_Required action_
Go through the data below and work out how many lines contain "Black"; the answer is the number alone.

_Data for the task_
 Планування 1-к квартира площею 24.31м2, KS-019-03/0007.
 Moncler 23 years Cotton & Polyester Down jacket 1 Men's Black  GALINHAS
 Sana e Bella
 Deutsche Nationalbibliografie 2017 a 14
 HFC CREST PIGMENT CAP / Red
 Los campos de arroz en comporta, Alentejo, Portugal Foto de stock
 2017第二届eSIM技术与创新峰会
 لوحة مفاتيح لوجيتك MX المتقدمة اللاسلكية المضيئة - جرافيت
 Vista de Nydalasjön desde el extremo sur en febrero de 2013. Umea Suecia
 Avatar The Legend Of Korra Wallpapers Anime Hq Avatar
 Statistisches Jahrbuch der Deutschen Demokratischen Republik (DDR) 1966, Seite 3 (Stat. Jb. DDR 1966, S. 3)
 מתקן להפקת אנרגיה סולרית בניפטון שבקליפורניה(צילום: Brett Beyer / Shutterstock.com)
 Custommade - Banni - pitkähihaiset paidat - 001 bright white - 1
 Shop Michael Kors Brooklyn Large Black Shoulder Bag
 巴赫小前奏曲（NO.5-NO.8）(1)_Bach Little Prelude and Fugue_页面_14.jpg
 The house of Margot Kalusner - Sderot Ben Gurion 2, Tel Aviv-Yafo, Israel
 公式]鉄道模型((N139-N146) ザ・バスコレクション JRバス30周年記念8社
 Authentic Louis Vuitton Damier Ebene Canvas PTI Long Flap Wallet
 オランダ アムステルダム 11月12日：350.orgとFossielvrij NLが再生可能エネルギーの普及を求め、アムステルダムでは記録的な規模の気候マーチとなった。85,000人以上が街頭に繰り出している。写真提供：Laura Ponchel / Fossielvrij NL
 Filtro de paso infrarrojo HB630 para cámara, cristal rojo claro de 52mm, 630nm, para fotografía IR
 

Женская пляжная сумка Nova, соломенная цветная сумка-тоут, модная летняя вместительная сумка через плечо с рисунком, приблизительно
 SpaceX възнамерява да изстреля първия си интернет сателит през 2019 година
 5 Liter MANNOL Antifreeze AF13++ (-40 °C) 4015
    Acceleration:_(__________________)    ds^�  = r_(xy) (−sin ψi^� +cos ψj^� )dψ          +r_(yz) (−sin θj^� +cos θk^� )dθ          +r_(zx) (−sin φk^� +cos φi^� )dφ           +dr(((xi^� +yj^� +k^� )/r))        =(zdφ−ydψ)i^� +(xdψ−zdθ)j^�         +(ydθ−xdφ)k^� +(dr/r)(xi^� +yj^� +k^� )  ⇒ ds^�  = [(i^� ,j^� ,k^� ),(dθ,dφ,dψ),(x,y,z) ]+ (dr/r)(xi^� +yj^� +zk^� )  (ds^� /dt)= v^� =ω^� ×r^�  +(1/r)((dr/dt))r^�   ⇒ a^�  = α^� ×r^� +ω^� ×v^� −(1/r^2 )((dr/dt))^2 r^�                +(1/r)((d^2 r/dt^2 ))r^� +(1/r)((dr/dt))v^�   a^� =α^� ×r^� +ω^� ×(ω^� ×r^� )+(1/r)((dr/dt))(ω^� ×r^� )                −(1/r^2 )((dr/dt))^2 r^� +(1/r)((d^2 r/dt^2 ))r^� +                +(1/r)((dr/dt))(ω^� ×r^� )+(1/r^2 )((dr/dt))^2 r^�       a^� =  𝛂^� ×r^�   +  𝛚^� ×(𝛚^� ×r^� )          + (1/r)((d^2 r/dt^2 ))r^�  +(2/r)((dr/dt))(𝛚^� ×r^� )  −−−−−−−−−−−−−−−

_Reply_
2